United States District Court, N.D. Illinois
Mar 8, 2004
No. 03 C 3146 (N.D. Ill. Mar. 8, 2004)

Summary

In Reineke, the employer located copies of certain pages of the arbitration agreement, including the signature page. 2004 WL 442639, at *4.

Summary of this case from Perkins v. Rent-A-Center Inc.

Opinion

No. 03 C 3146

March 8, 2004


MEMORANDUM OPINION AND ORDER


Plaintiff David Reineke filed this action against his former employer, Defendant Circuit City Stores, Inc., alleging violations of the Americans with Disabilities Act, 42 U.S.C. § 12101 et seq., and the Family Medical Leave Act, 29 U.S.C. § 2601 et seq. Defendant moves to dismiss or stay the action and to compel arbitration pursuant to a Dispute Resolution Agreement that both parties signed at the time Plaintiff submitted his employment application,

Plaintiff argues that the court should deny Defendant's motions because Defendant failed to produced Plaintiff's complete personnel file, including his employment application, upon request, as required by the Illinois Personnel Record Review Act, 820 ILCS 40/1 et seq. In Plaintiff's view, the court should construe Defendant's failure to produce the personnel file as a concealment of a material fact, raising an equitable estoppel to the arbitration request In the alternative, Plaintiff argues that the court should decline to enforce the arbitration agreement because it denies him a forum to vindicate his statutory rights.

For the reasons set forth here, the court concludes that Defendant's loss of Plaintiff's personnel file, while disappointing, does not defeat its right to compel arbitration of Plaintiff's claims.
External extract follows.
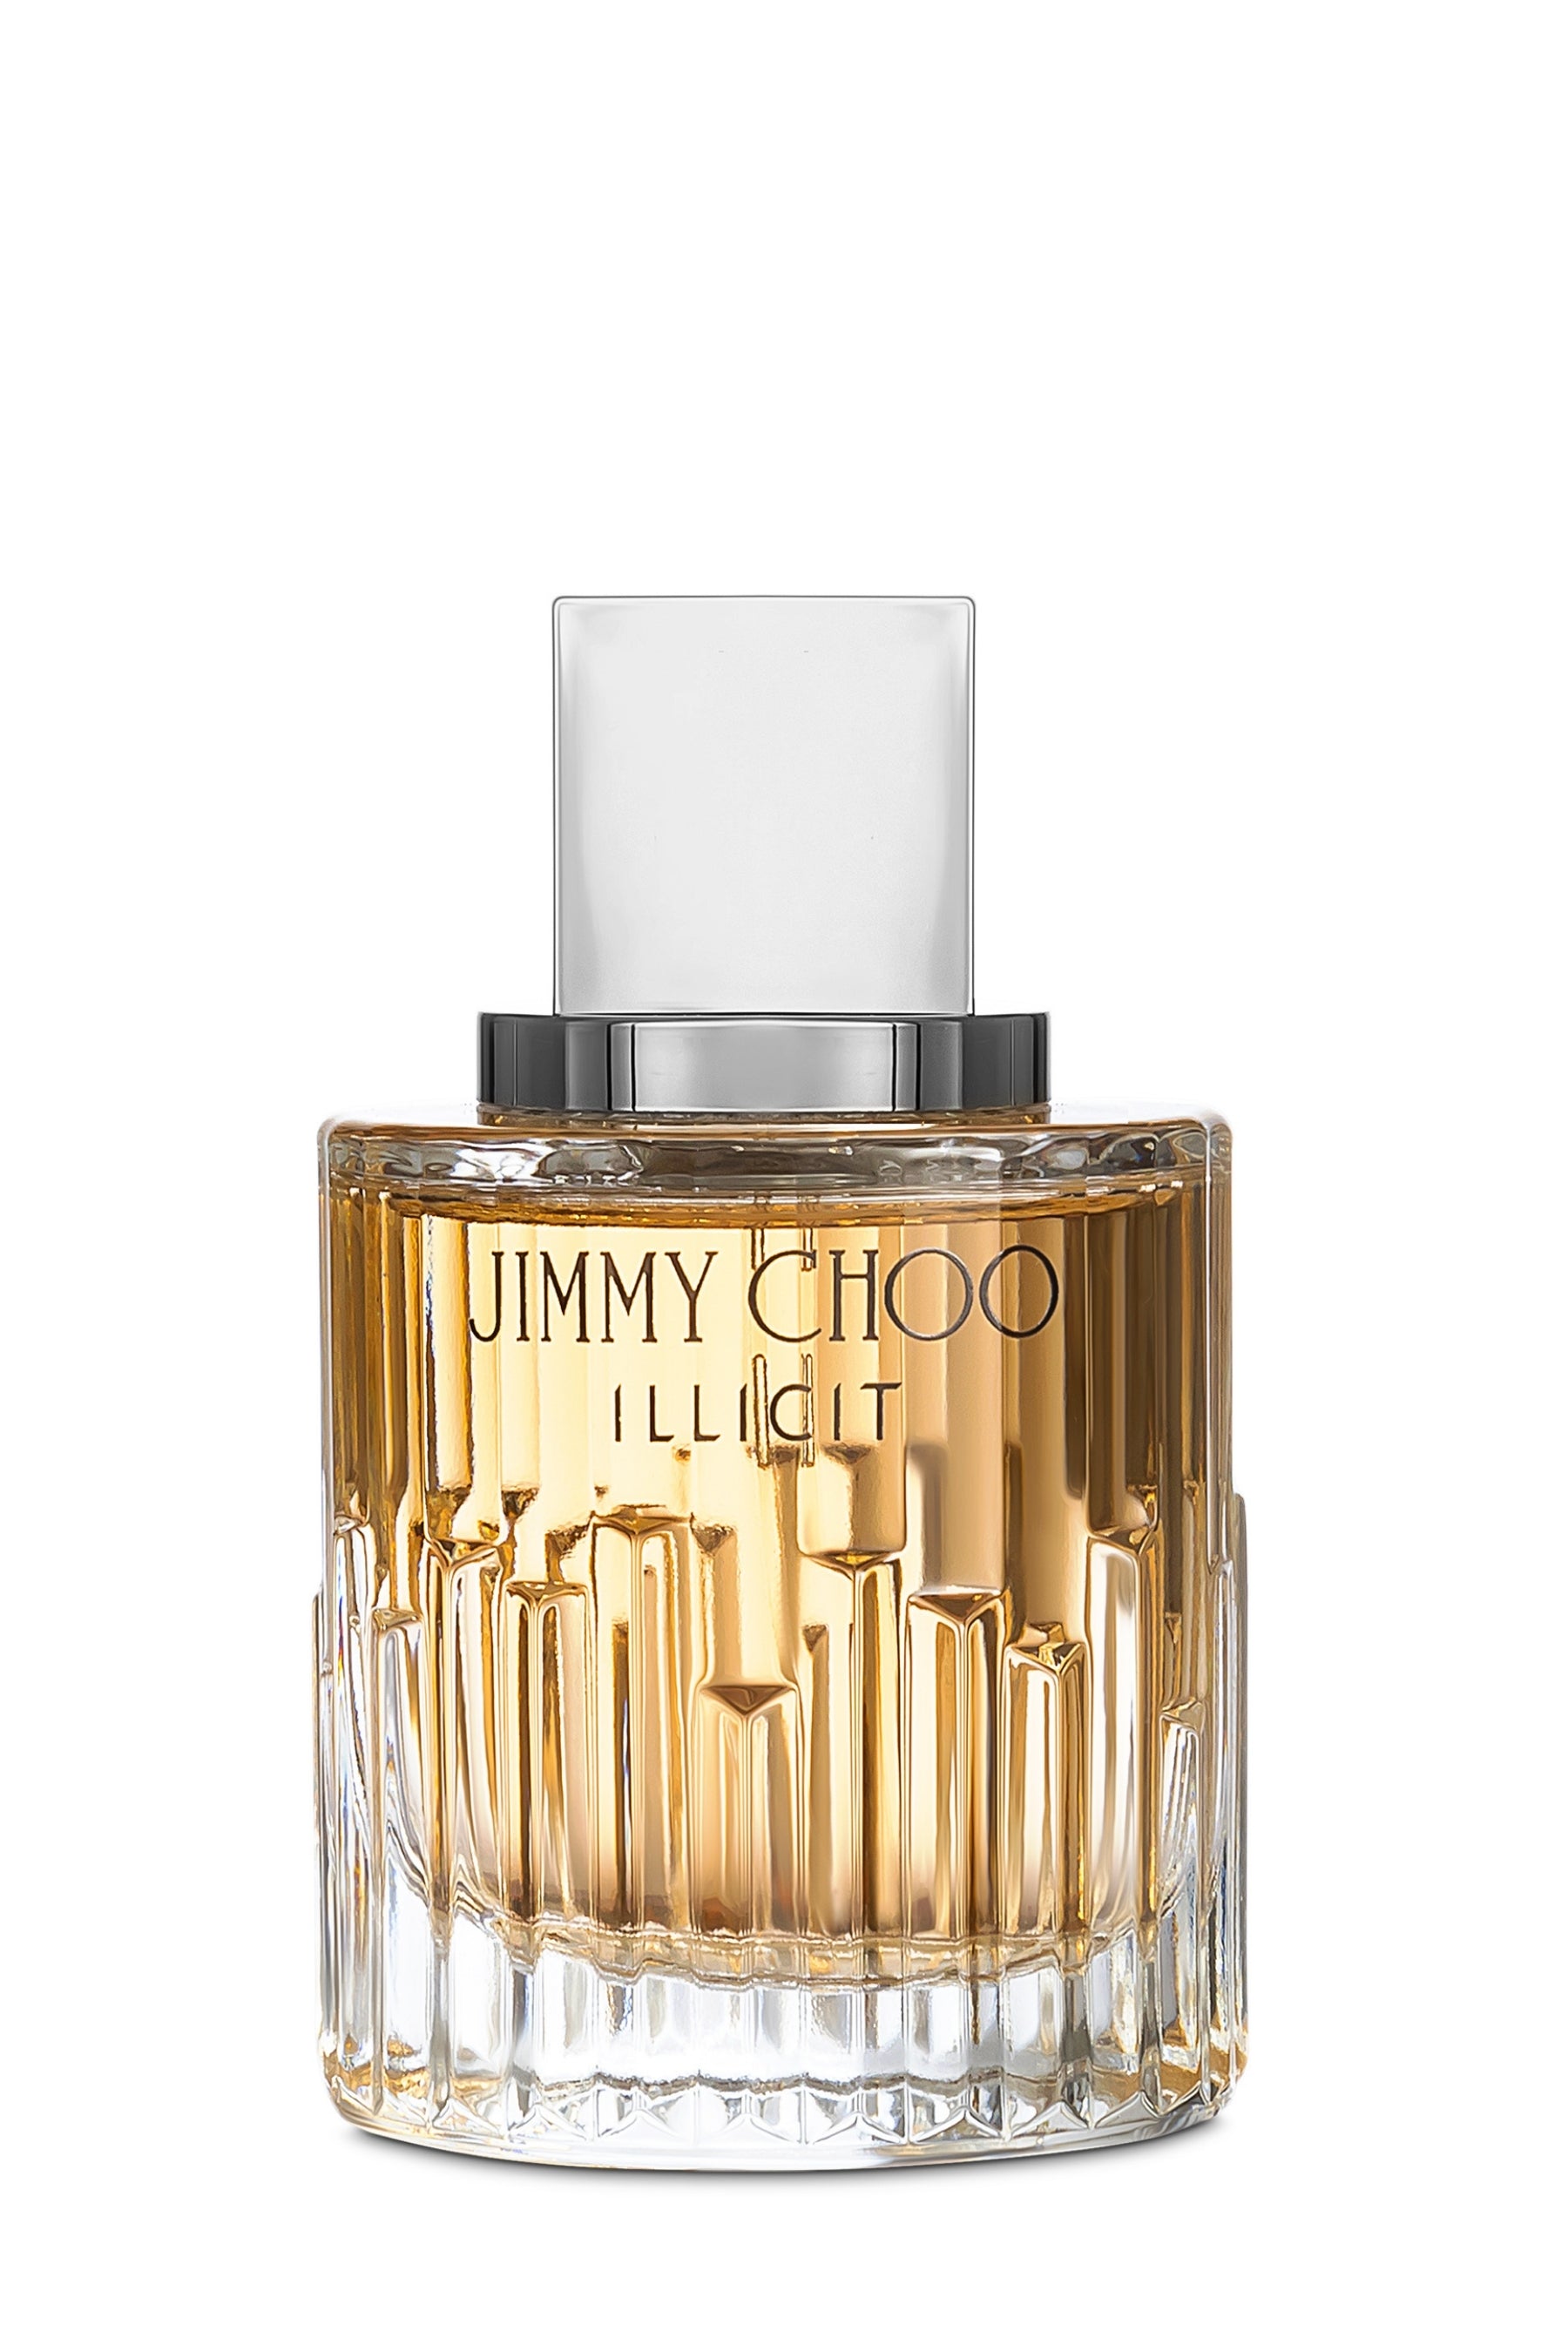 Where To Buy Jimmy Choo Illicit Perfume Cheap Sale | website.jkuat.ac.ke

Defendant's motion is granted and this case is dismissed without prejudice.

BACKGROUND

Courts treat motions to compel arbitration as assertions that they are deprived of subject matter jurisdiction during the course of arbitration. Robert Half lnt'l, Inc. v. Thompson, No. 98 C 1080, 1999 WL 138849, at *1 (N.D. III. Mar. 5, 1999) (citing Evans v. Hudson Coal Co., 165 F.2d 970, 972 (3d Cir. 1948)). Accordingly, for purposes of this motion, the court draws the background facts from the parties' pleadings, but will also consider attached exhibits and affidavits. Cf. Lujan v. Defenders of Wildlife, 504 U.S. 555, 561 (1992). Where the facts are disputed, the court accepts Plaintiff's version, Turnock v. Cope, 816 F.2d 332, 333 (7th Cir. 1987), but here the facts are largely undisputed.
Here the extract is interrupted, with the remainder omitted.